1. Before running the batch runner, create a symlink:

ln -s ~/.ssh/id_rsa /tmp/batch-jd-1.txt
2. Run ./batch/batch-runner.sh with an entry using ID 1.
3. The worker reads ~/.ssh/id_rsa instead of the expected JD file, potentially sending its contents to the API as prompt context.

1. Edit the VERSION file to contain a shell metacharacter:
1.0.0$(touch /tmp/pwned)
2. Run node update-system.mjs apply.
3. The backup branch command becomes git branch backup-pre-update-1.0.0$(touch /tmp/pwned), and the subshell executes.

1. Fork santifer/career-ops on GitHub.
2. In the fork, modify generate-pdf.mjs (a system-layer file) to include malicious code.
3. If a user's git remote points to the fork (or the canonical repo is compromised), running node update-system.mjs apply will silently overwrite local scripts with the malicious versions. No signature or checksum is verified.

1. Run:
node generate-pdf.mjs input.html ../../../tmp/evil.pdf
2. The PDF is written to /tmp/evil.pdf. Any writable path on the filesystem is reachable.

1. Run:
node check-liveness.mjs http://localhost:6379/
1. or:
node check-liveness.mjs file:///etc/passwd
2. Playwright navigates to the URL and reads the response. Internal services, local files, and metadata endpoints (e.g. cloud instance metadata at 169.254.169.254) are all reachable.

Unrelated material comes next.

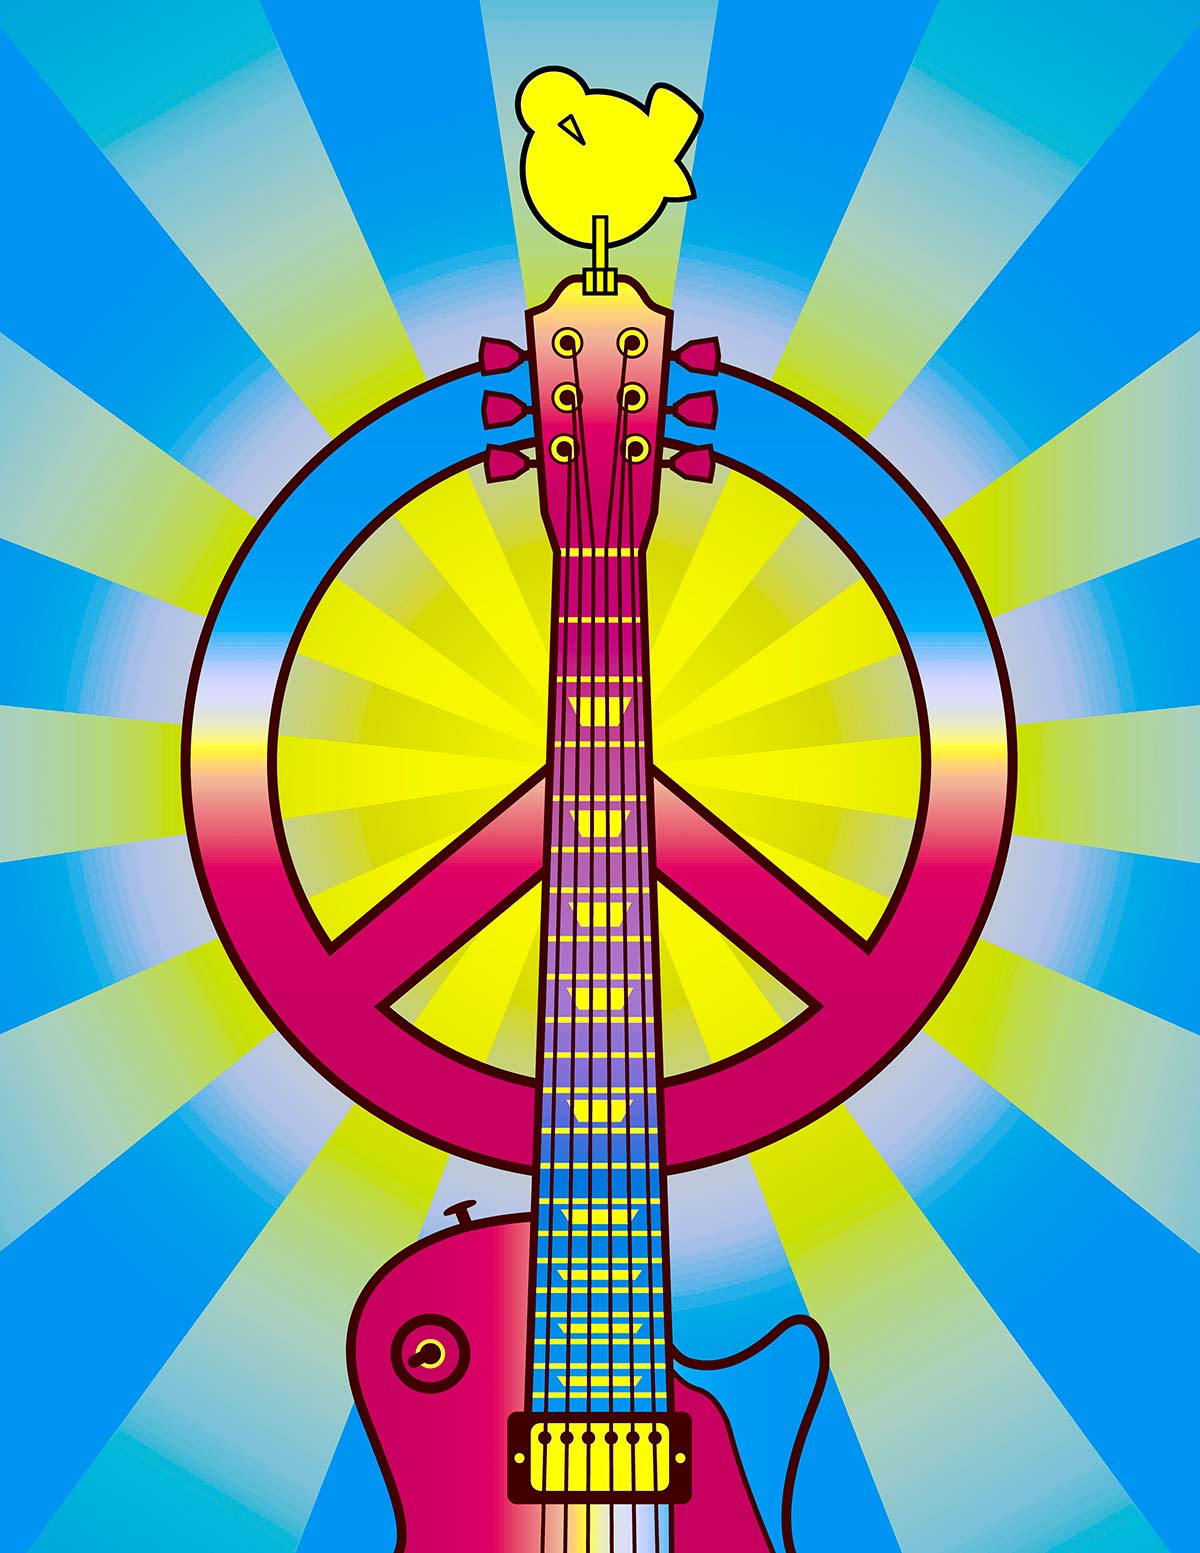 A Woodstock poster with a guitar, peace sign, and a dove

1. Create a TSV file in batch/tracker-additions/ where the company name contains a pipe:
42\t2025-01-15\tFoo | Bar Corp\tEngineer\tEvaluated\t4.0/5\t❌\t[42](reports/042-foo-2025-01-15.md)\tnotes
2. Run node merge-tracker.mjs.
3. The pipe splits the table cell, adding a phantom column and corrupting every row after it in applications.md.

1. Run node merge-tracker.mjs or node dedup-tracker.mjs (both create .bak backups).
2. Run git add -A && git status.
3. The .bak file containing full application data (company names, scores, notes) is staged for commit.

### Expected behavior


1. sed substitution should be safe regardless of what characters appear in URLs or IDs.
2. Batch workers should run with standard permission checks, not bypass them entirely.
3. Temp files should use unpredictable, atomically-created paths (mktemp).
4. Git commands should not be vulnerable to injection via VERSION file contents or branch names.
5. Remote updates should validate version format before trusting fetched data.
6. PDF output should be constrained to the project directory or output/.
7. Playwright navigation should be restricted to public HTTP(S) URLs only.
8. Markdown table output should escape pipe and newline characters in dynamic cell values.
9. .bak files should be gitignored to prevent accidental commits of user data.

### OS

_No response_

[santifer]

The critical security issues identified here (command injection, resource leaks, sed injection, path traversal) were fixed in PR #149 (merged in v1.3.0). The remaining items from PR #133 overlap with these fixes. If there are specific vectors still unaddressed, please open a new issue with details.